- Power type: Hybrid diesel–electric
- Builder: Kinki Sharyo
- Build date: 2026–present
- Gauge: 1,067 mm (3 ft 6 in)
- Loco weight: 55 t (54 long tons; 61 short tons)
- Loco brake: Regenerative braking
- Maximum speed: 75 km/h (47 mph)
- Operators: JR West; Sagano Scenic Railway;
- Number in class: 4 (JR West); 1 (Sagano Scenic Railway);
- Numbers: DEC743-1, DEC743-2, DEC743-7, DEC743-8 (JR West); DEC743-1001 (Sagano Scenic Railway);
- Delivered: June 2026
- First run: 2027 (scheduled)

= DEC743 =

Japanese hybrid locomotive type

The DEC743 (DEC743形) is a hybrid diesel–electric locomotive type to be operated by West Japan Railway Company (JR West) and Sagano Scenic Railway in Japan from the first half of 2027. Nine locomotives are to be built.

==Design==
The DEC743 locomotives adopt a hybrid system which integrates components from electric and diesel railcar systems. Energy generated from the diesel engine and stored in the onboard batteries is used to drive the motors. When deceleration takes place, the batteries are recharged through regenerative braking. The front ends are built with impact-absorbing structures.

The standard JR West livery consists of vermilion and grey with a white stripe between the two colours.

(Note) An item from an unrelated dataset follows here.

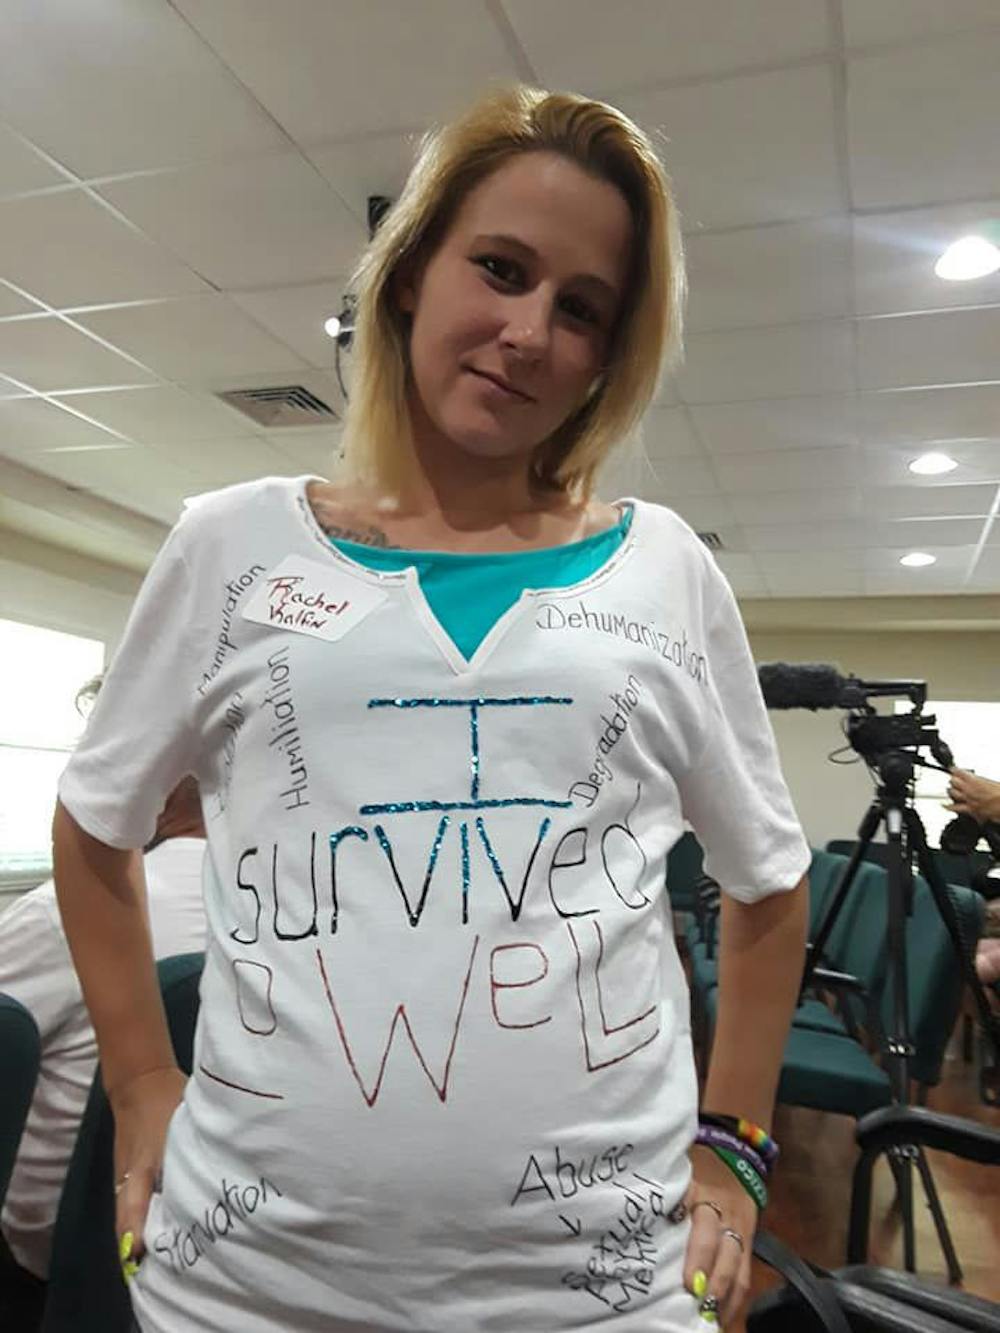 <p><span id="docs-internal-guid-265fb168-7fff-e0c2-1fbe-5dc7306dacdd"><span>Rachel Kalfin, a former inmate at Lowell Correctional Institution, poses in her “I survived Lowell” shirt. On August 19, she attended a meeting in Ocala with other former inmates to talk to the Department of Justice team about abuses they experienced.</span></span></p>
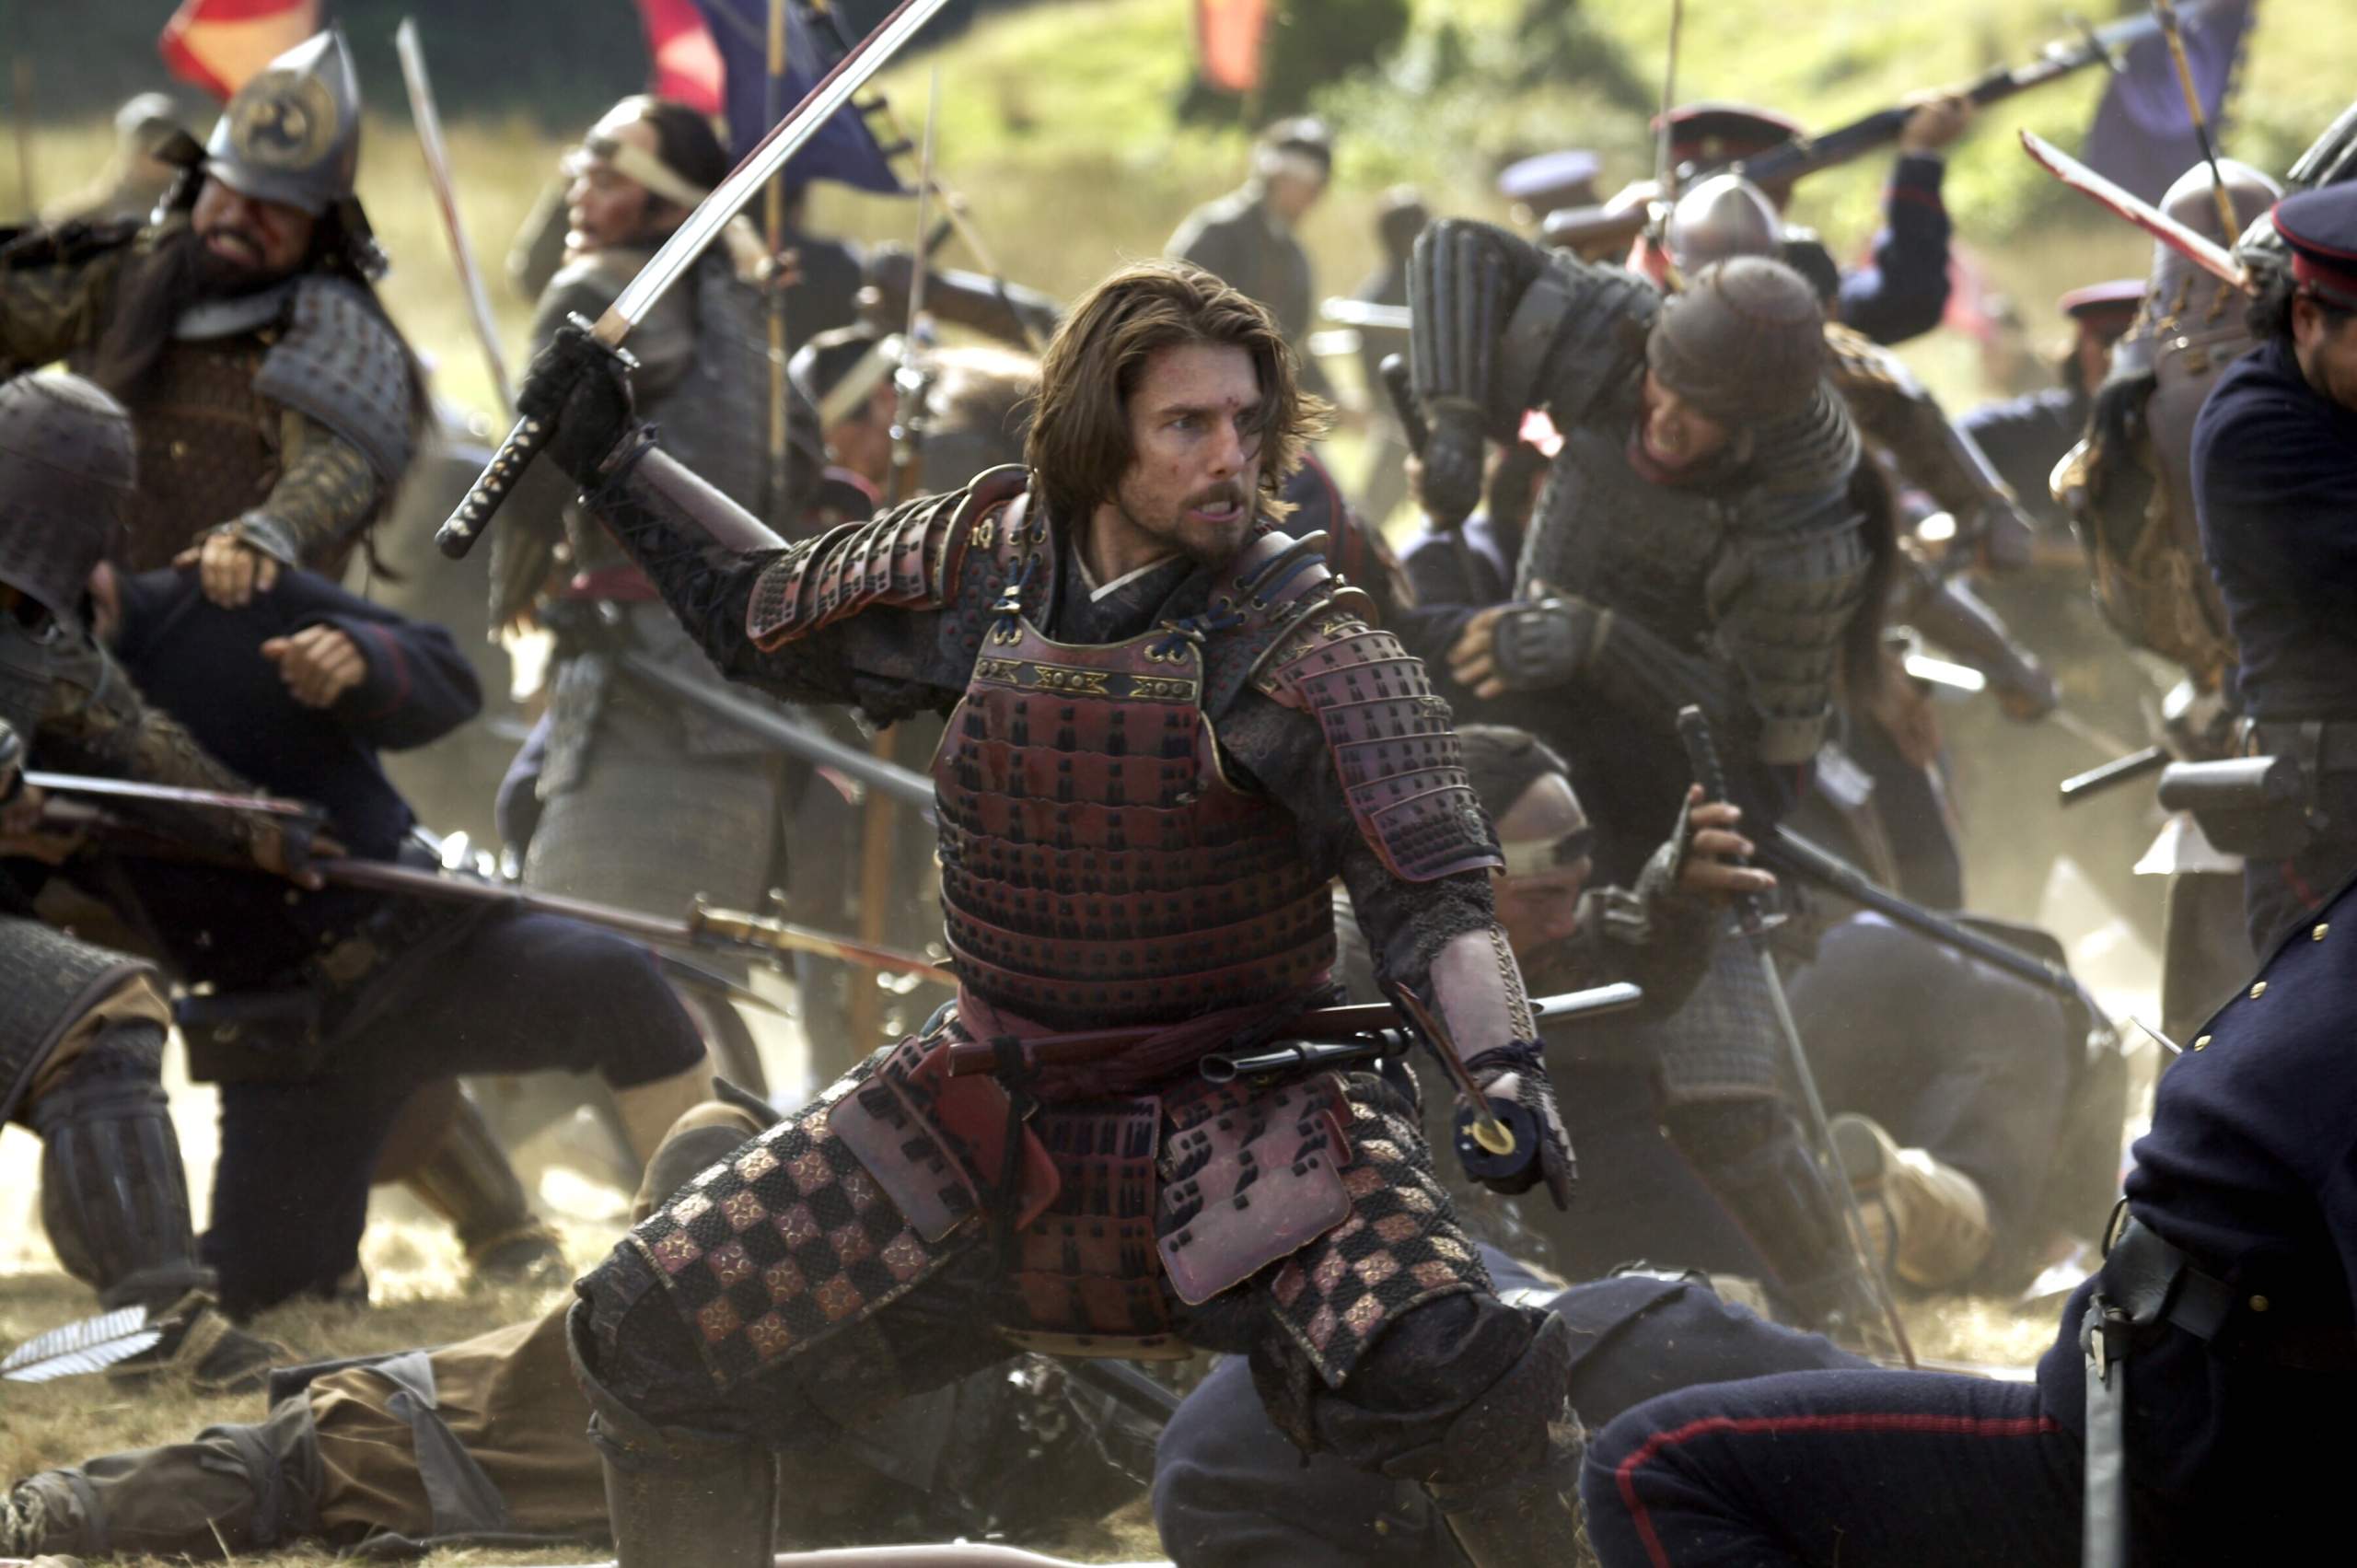 There aren’t many new ideas in <em>The Last Samurai,</em> but it is still a solid period epic that explores the tension between tradition and modernity. The film seems to take great care in trying to portray late 1800s Japanese culture as accurately as it can, and it manages to mostly avoid falling into that western romanticized trap. The cast is solid. Credit to Ken Watanabe who not only turns in a stellar performance but also comes off as an equal to Cruise. None of this works if Watanabe gets overshadowed by the sheer star power of his co-star.

The design concept of the new rolling stock for the Sagano Romantic Train was overseen by GK Design Soken Hiroshima. DEC743-7, DEC743-8 and DEC743-1001 are finished in the Sagano Scenic Railway livery which includes a black and red base. Of these, DEC743-1001 features logo and symbol marks based on the autumn leaves, cherry blossoms, clear stream, civil engineering heritage tunnel and bamboo groves.

==Operations==
The JR West DEC743 locomotives are planned to replace several ageing locomotives such as the Class DE10 on ballast spreading services as well as empty train towing and shunting services. Ballast train operations with DEC743 locomotives will consist of two locomotives and four ballast spreading hopper cars in the middle of each train formation.

The sole Sagano Scenic Railway locomotive, DEC743-1001, will be used to tow the new four-car Sagano Romantic Train set.

==History==
On 21 March 2025, Sagano Scenic Railway announced its plans to introduce new rolling stock in 2027 to replace its ageing Class DE10 locomotive that was acquired from JR West and passenger cars that were converted from Toki 25000 freight cars.

Details of the new hybrid locomotive type and twelve new ballast spreading hopper cars on order were first announced by JR West on 22 October 2025.

The designation of the new hybrid locomotive type was revealed on 16 June 2026. The first four locomotives (DEC743-1, DEC743-7, DEC743-8 and DEC743-1001) were officially unveiled on that same day.

==Fleet list==

Number: Manufacturer; Date delivered; Depot allocation
DEC743-1: Kinki Sharyo; 25 June 2026; Shimonoseki
DEC743-2: 9 July 2026
DEC743-7: 18 June 2026; Miyahara
DEC743-8
DEC743-1001

==Classification==
While technically a hybrid locomotive type, the DEC743 is classified by JR West according to its diesel electric car numbering scheme.